MAF score from GWAS results using COLOC.susie as well as LD matrix question
HKJ396 opened this issue · 12 comments
Hello,
Thank you so much for developing this package. I have my GWAS summary data filtered so it's just the top hits, GTEx eqtl data for the relevant tissue, and an LD matrix. However, I have a couple of questions regarding the coloc.susie function.

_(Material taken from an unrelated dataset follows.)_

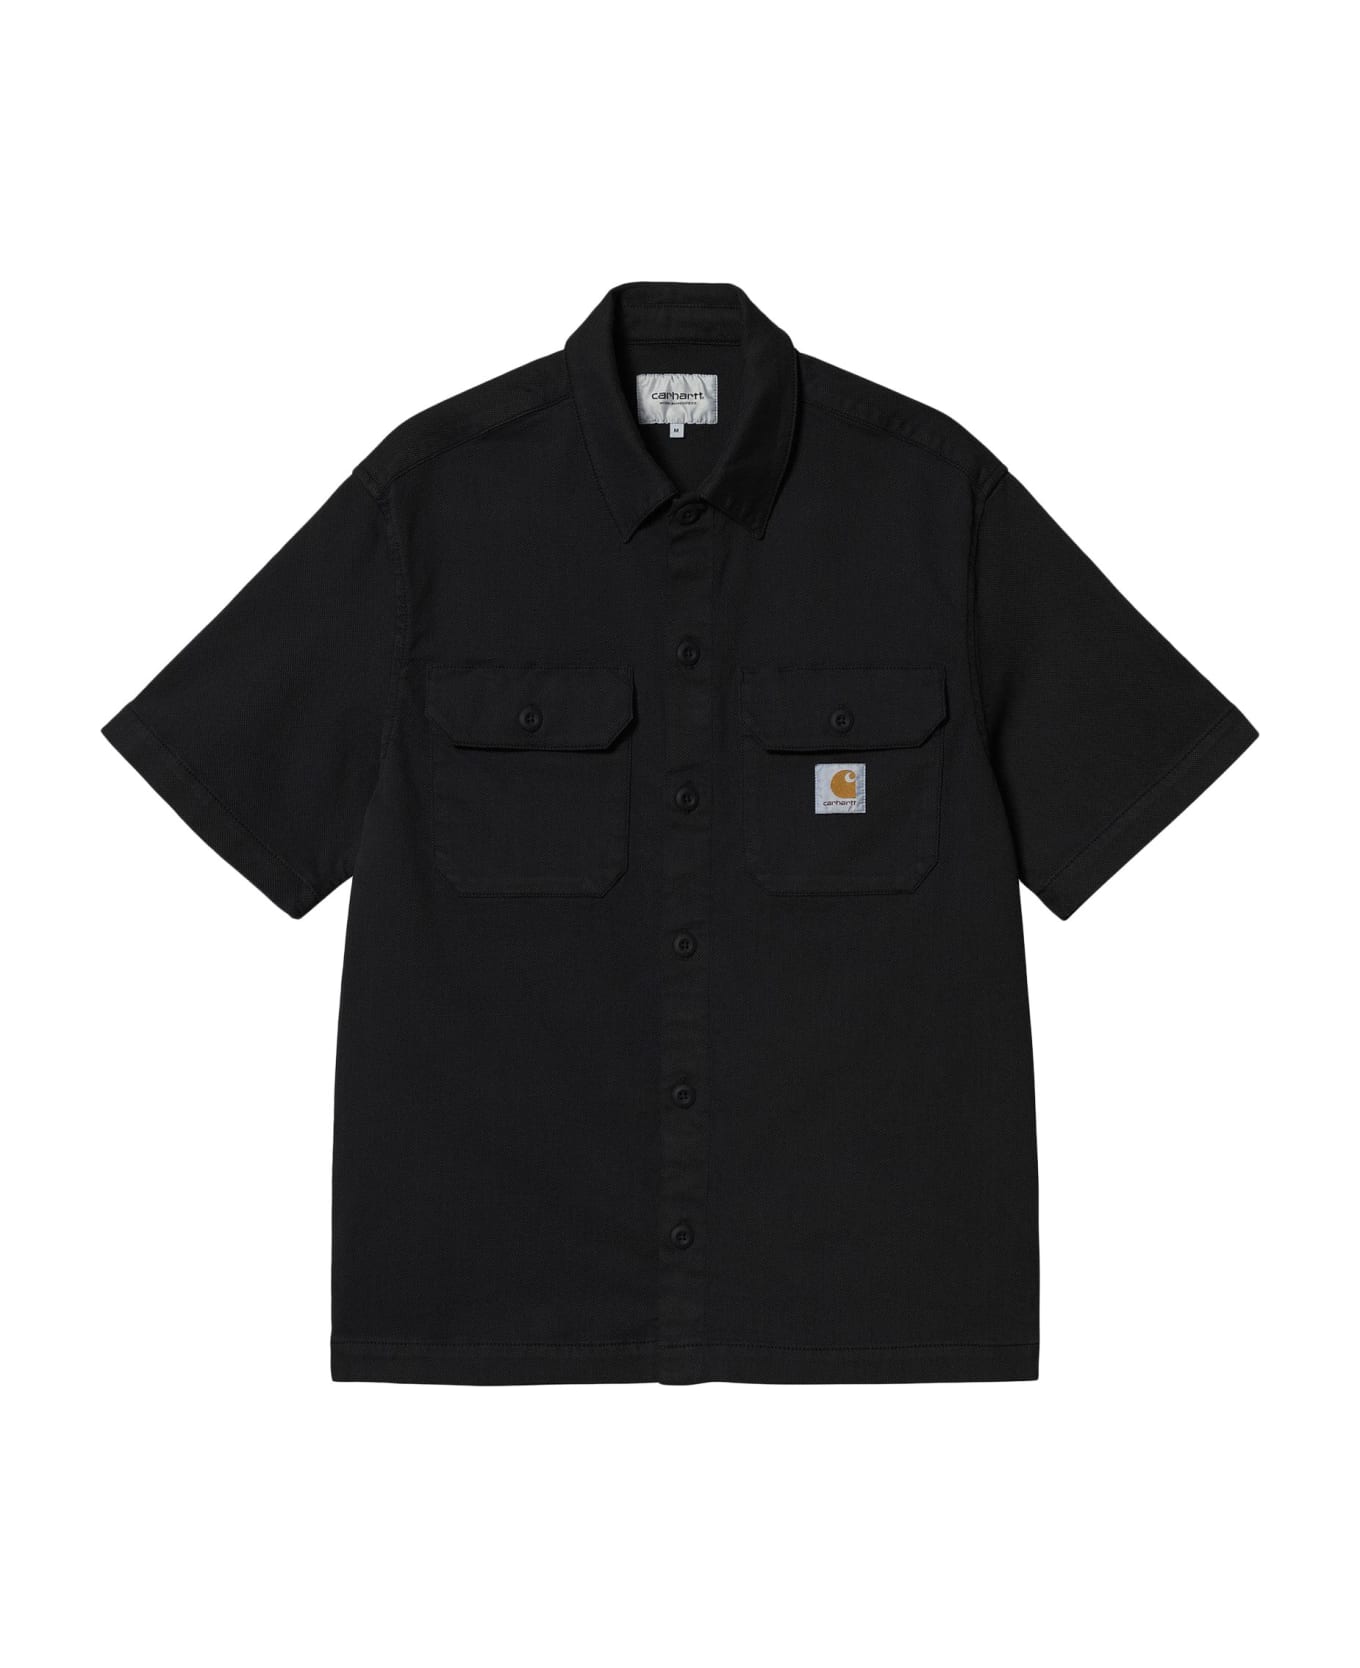 Carhartt Shirts Black - Black

First of all, when I supply MAF scores for the GWAS summary results, is this the minor allele frequency or just the frequency of the associated allele which might not necessarily be the minor allele? For example, when I look at my plink allele freq output I might be given a frequency that is above 0.5 for one allele and for another allele I might be given a value below 0.5? For example,
Here’s the first lines of the file:
#CHROM ID REF ALT ALT_FREQS OBS_CT
1 rs376342519:10616:CCGCCGTTGCAAAGGCGCGCCG:C CCGCCGTTGCAAAGGCGCGCCG C 0.995708 3862
1 1:54712:T:TTTTC T TTTTC 0.595903 3862
1 rs368808541:603010:C:A C A 0.00194132 3862
The frequency is given for C – 0.995… Whereas on db SNP the MAF is ~ 0.1 for CCGCCGTTGCAAAGGCGCGCCG
For the third line rs368808541 – the MAF matches what’s on dbSNP. Therefore, I'm not sure if this is the values I should use in the coloc function? Or should I do 1-(any value above 0.5) to find the minor allele?

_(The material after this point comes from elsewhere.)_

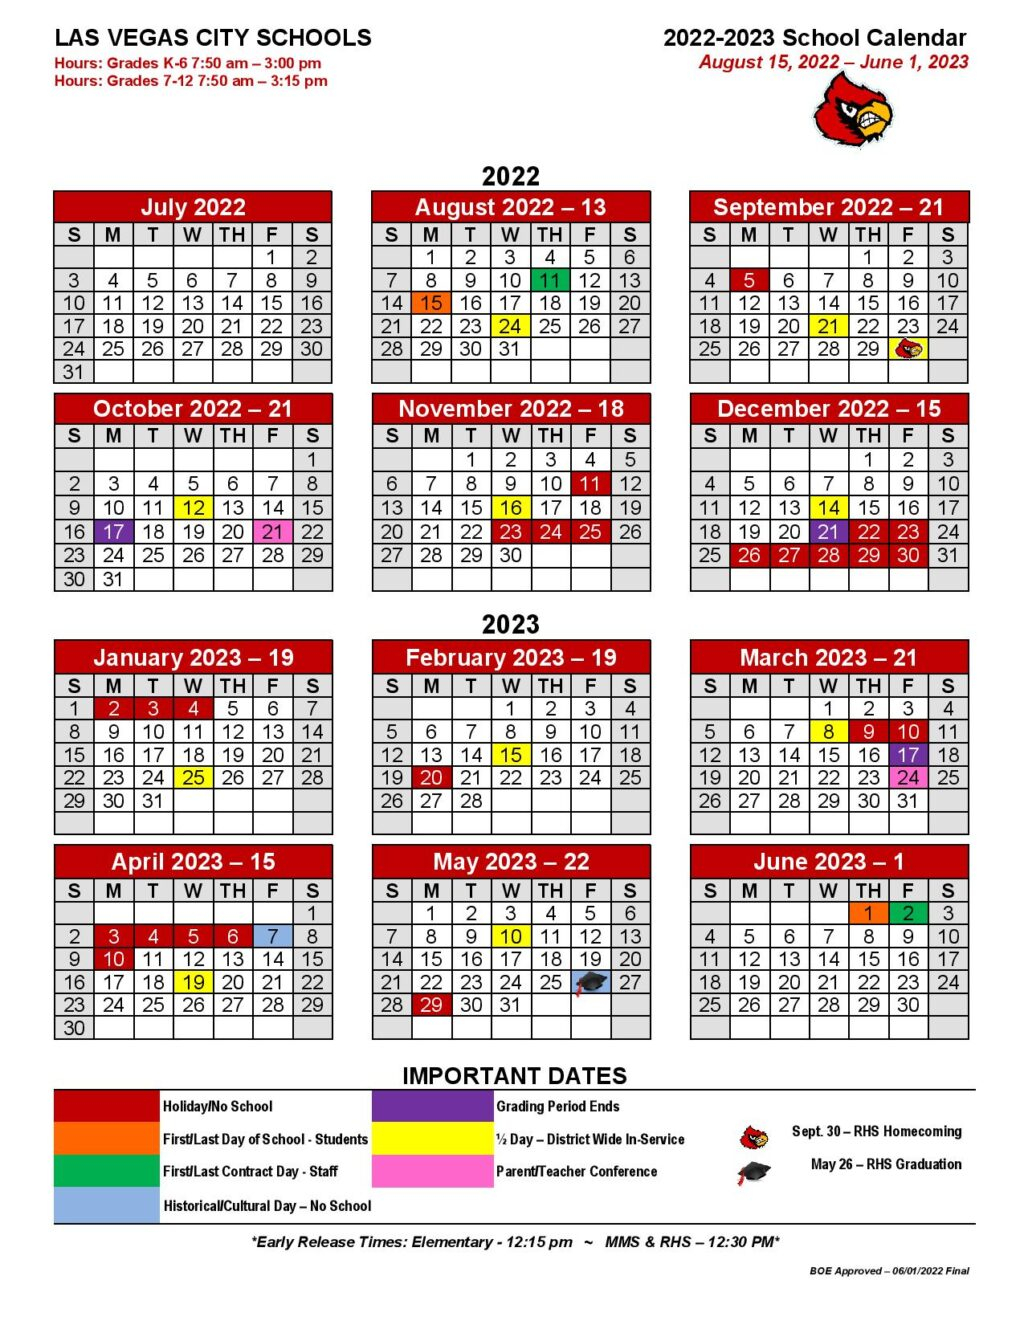 Las Vegas Sports Calendar Edith Gwenore

I have also calculated an LD matrix for my top SNPs - using the PLINK --r2 function so that only SNPs within 1Mb of my top SNPs and r2 above 0.6 is present. Is this okay? I notice the manual states to use --r function rather than r2 if the datasets have different LD however I will only match up the SNPs that are common in both so I assuming they will have the same LD?
Thank you in advance.
Thanks for your quick response. So I will provide my full set of GWAS summary results. I will recreate my LD matrix by supplying the --r (raw inter-variant allele count correlations) rather than r2 (which reports squared correlations). Thanks! I will recalculate MAF so 1-(0.5 or higher).
Sorry but I have another question, when I recreate the LD matrix, shall I use the full set of GWAS summary results or filtered by p value?
When I use the plink command I have set the window size as --ld-window-kb 1000. Is this okay?
Because I'm not doing r2 now, shall I leave setting the r2 value? As in, I set the r2 value above 0.6 before so I am assuming I am not filtering above a particular r2 value now?
Thank you! So I have provided the full list of SNPs (roughly 7 million) that was used in the GWAS as an input file to calculate r ( which gives me raw inter-variant allele count correlations). The only filter I used was kb window. Is this okay?
So I supply my full set of GWAS results (all the SNPs used in the GWAS) and when you say signal is this the top hits e.g. (all the genome wide significance hits/p value below a 10-6 for example if i haven't got genome wide hits). I then provide a window either side of the top hits? Sorry I am really confused.
I really do apologise. I'm very new to all of this. I've realised rather than supplying GWAS results with filtered p value. I have to provide my top hits (with the lowest p value) which I assume is what sentinel means but also the SNPs around these peaks e.g. 1MB around the peak SNPs? I then cross check these SNPs with the eQTL data? So only include the same SNPs between these two datasets. And then I provide a LD matrix.